The Physically Unclonable Function (PUF), which extracts a unique device identification based on variations in manufacturing processes, has recently attracted attention. IoT devices, including sensor monitors and wearables, have come into widespread use, and various kinds of devices have access to a range of services. Device authentication and management of key to encryption communication data are essential for a secure service. We can realize secure authentication based on device identification extracted by a PUF. For example, PUF is used as a key generator to avoid storing the encryption key in a device. However, existing PUFs require dedicated hardware or software (driver) to extract device identification.

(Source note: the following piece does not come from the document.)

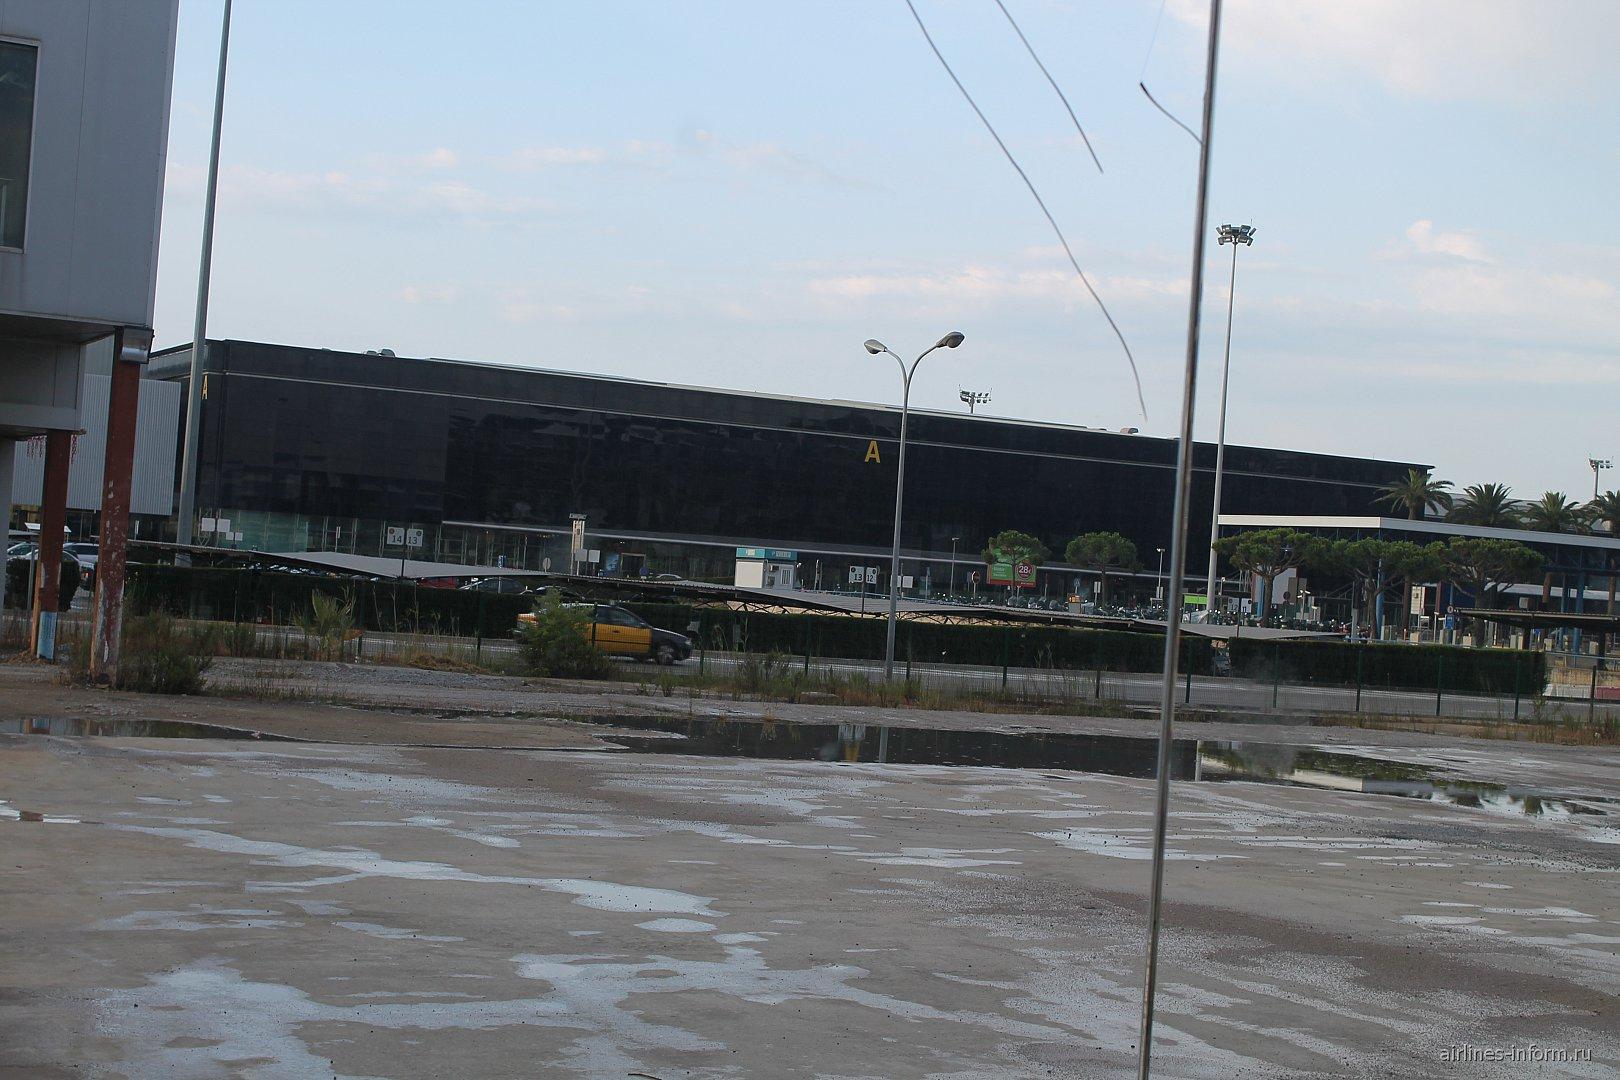 Терминала T2 А аэропорта Барселоны

Thus, it may not be possible to apply existing PUFs to IoT devices in a situation where there are a variety of devices and many device manufacturers. We can use characteristic values of existing sensors in an IoT device as an alternative to PUF. In this paper, we expand an existing software PUF based to support characteristic values extract from a gyroscope, and evaluate the entropy and robustness. We found that the same device identifier can be reliably extracted from a gyroscope even under conditions of high and low temperature, and low-pressure. No changes in the characteristic values of the gyroscope due to degradation with age were found over a wearing period exceeding than three years. The device identifier has up to 81.2 bits entropy with no error-correcting mechanism. It has up to 57.7 bits entropy when error-correction of one bit is applied to each characteristic value by a Fuzzy extractor.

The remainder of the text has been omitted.